Wilson Greatbatch-Inventor of The Pacemaker |
Wilson Greatbatch (6 September 1919 - September 27, 2011) was an American engineer and inventor. He holds over 350 patents and is a member of the National Inventors Hall of Fame and recipient of the Lemelson-MIT Prize.
Wilson Greatbatch was born in Buffalo, New York, in 1919. When the United States entered World War II, Greatbatch left his studies at Buffalo State Teachers College and adapted his skills as an amateur radio operator to be a military radioman. After the war, the GI Bill gave Greatbatch the opportunity to study for an engineering degree at Cornell University, where he was distinguished for having the majority of children (five) than anyone else in its class. While working part-time at Cornell animal behavior farm, Greatbatch chatted with visiting brain surgeons during lunch and learn about the complete heart block.

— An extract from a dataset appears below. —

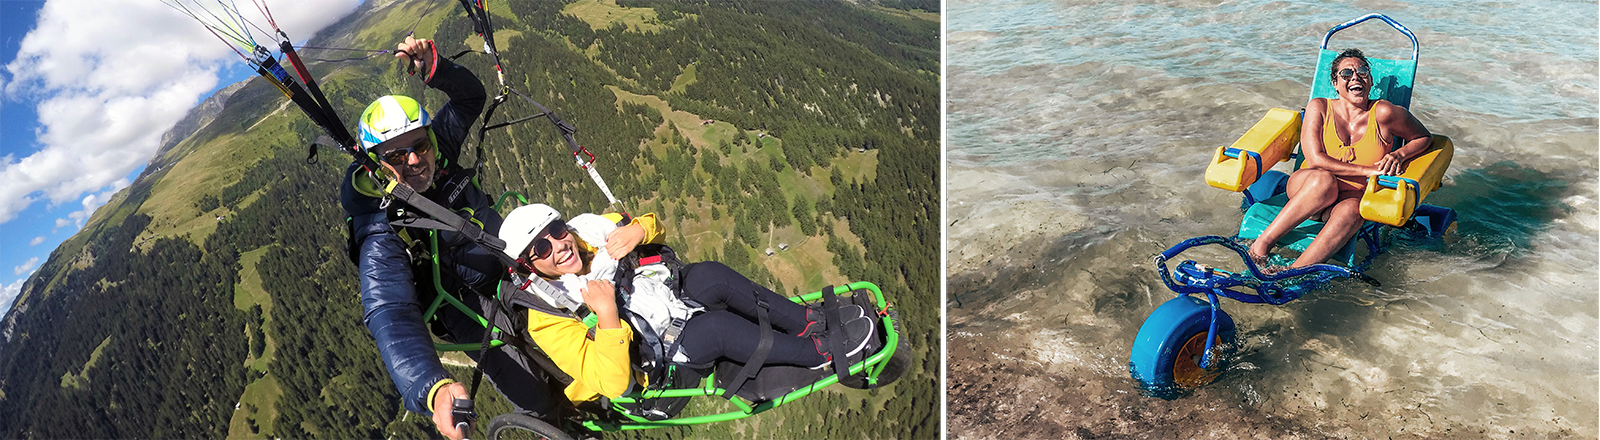 Kim Lumelius beim Drachenfliegen und mit einem Rollstuhl im Meer badend.

In this disease, the electrical impulses sent by the sinus node of the heart to the heart muscles, causing them to contract and pump blood, disturbed. Greatbatch immediately thought of designing an artificial pacemaker can beimplanted in the chest and deliver a shock that would cause the heart to beat.At time, though, in the early 1950s, no component is small enough to buildsuch available devices.
After receiving a bachelor degree in electrical engineering from Cornell, Greatbatch earned a master of theState University of New York at Buffalo in 1957. In 1958, Greatbatch met Dr.William Chardack Buffalo Veterans Administration Hospital and told him about the idea of a pacemaker. Chardack Greatbatch said that could save 10 000 lives per year with such a tool, which can now be feasibly small because transistors are available. Within two weeks, Greatbatch had built a pacemaker that can be applied; in two years he had built fifty pacemakers and implanted firstones successfully in humans. In the 1970s, after more than 10 years the use of successful pacemaker, Greatbatch turned to the design of improved battery life. He found, a pacemaker is needed for reliable live in lithium batteries, the company started manufacturing.
Furthermore, Greatbatch investigating biomass energy projects, planting thousands of acres of poplar trees. This in turnaroused Greatbatch interest in cloning plants and working with tissue culture and gene synthesis. His company, Greatbatch Gen-Aid, then proceed to try the synthesis of genes that can block retroviral diseases such as AIDS and T-cell leukemia. Greatbatch preferred to describe himself as an engineering executive or entrepreneur is not the inventor, but its more than 150 patents certainly qualify him for the last title. In 1986 Greatbatch made amember of the National Inventors Hall of Fame.